I am attempting to confirm some calculations given to me during class, regarding the work duration of different projects.
This table concerns a 100 man-month project, where using the Optimal Span Hypothesis the the efficiency percentage is calculated. See below for table of results.
I am able to replicate the results in the efficiency column using the following Matlab code.
hold on
for N = 5:500
ESQRT = 100*sqrt(N - 1)/(N)
EOSH = -100*((N - 1)/N)*(2/(N - 2))*log2(2/(N - 2))/0.53
EC = ESQRT*EOSH*(N/(N-1))/100
plot(N,EC,'*')
end
Where at N = 6 i get 35.1% and N = 9 i get 30.6% etc.

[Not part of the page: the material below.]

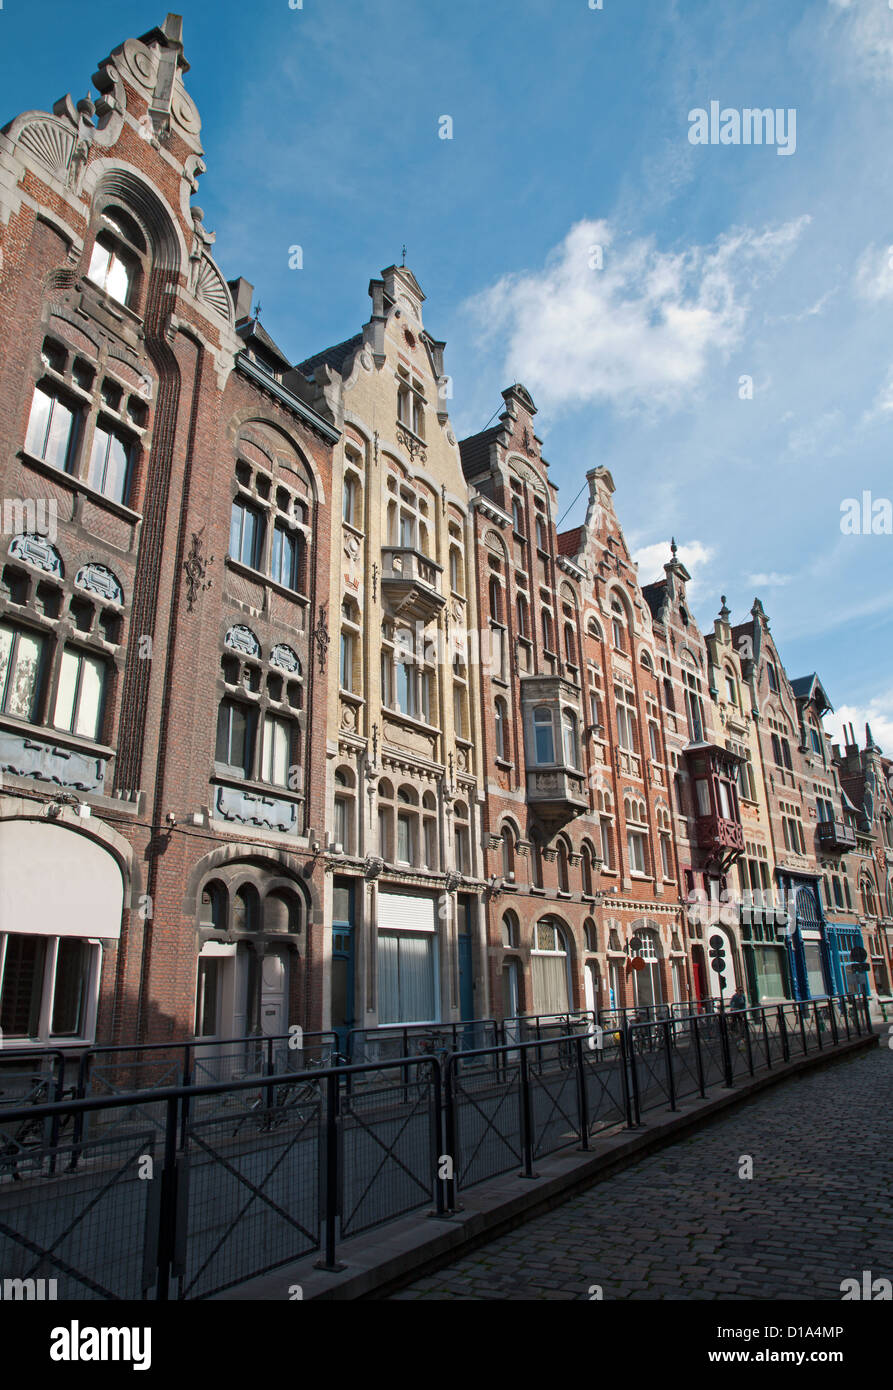 Brussels - The facade of typical houses Stock Photo

Using a given formula of $$W = N^{0.5} $$ where W is work and N numbers of agents. The work is then converted into monthly duration by the following $$months = \frac{manmonths}{W}$$where months is the calculated duration in months and manmonths is the project duration.

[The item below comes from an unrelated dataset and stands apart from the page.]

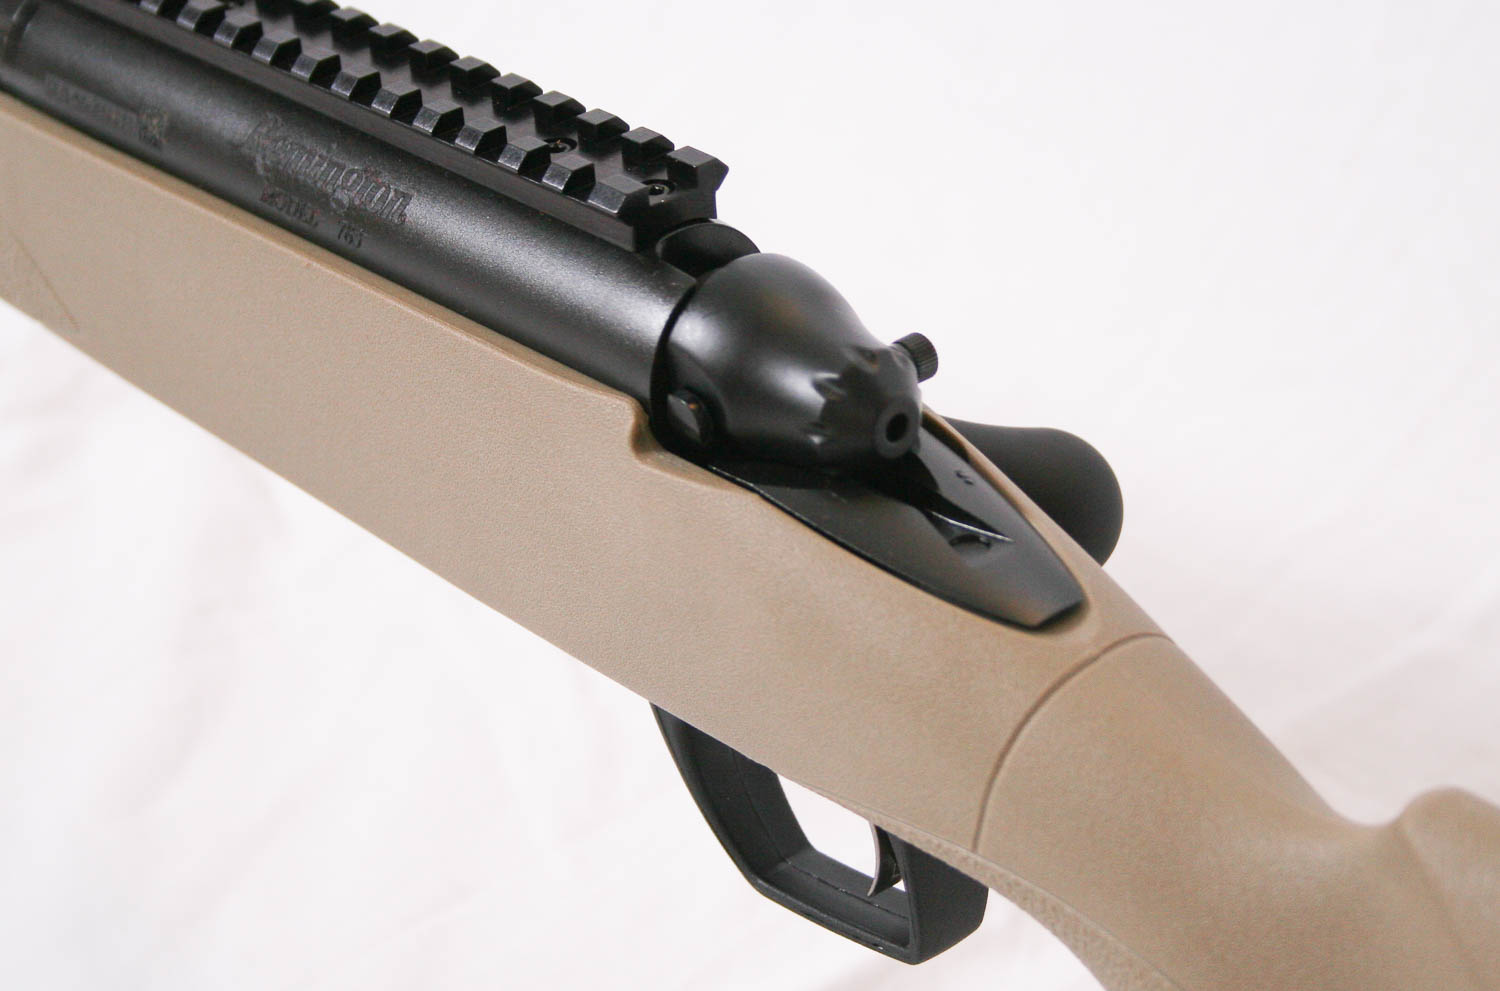 REMINGTON 783 SYNTHETIC HEAVY BARREL - FULL REVIEW - Sniper Central.

If there is one agent, at 100% efficiency i can replicate the duration of 8.3 years. $$W = 1^{0.5} = 1, months = \frac{100}{1}, years = \frac{100}{12} = 8.333$$
My Problem is then: I can't recreate the duration for the 6 agent and 9 agent projects. I have tried changing the work formula to incooperate the efficiency, but it yields incorrect results (With the 6 agents case it yields 5.7 years.) $$work = (ef\% \cdot N)^{0.5}$$
I'm almost certain the the solution is fairly obvious and I'm just missing something. Thank you in advance.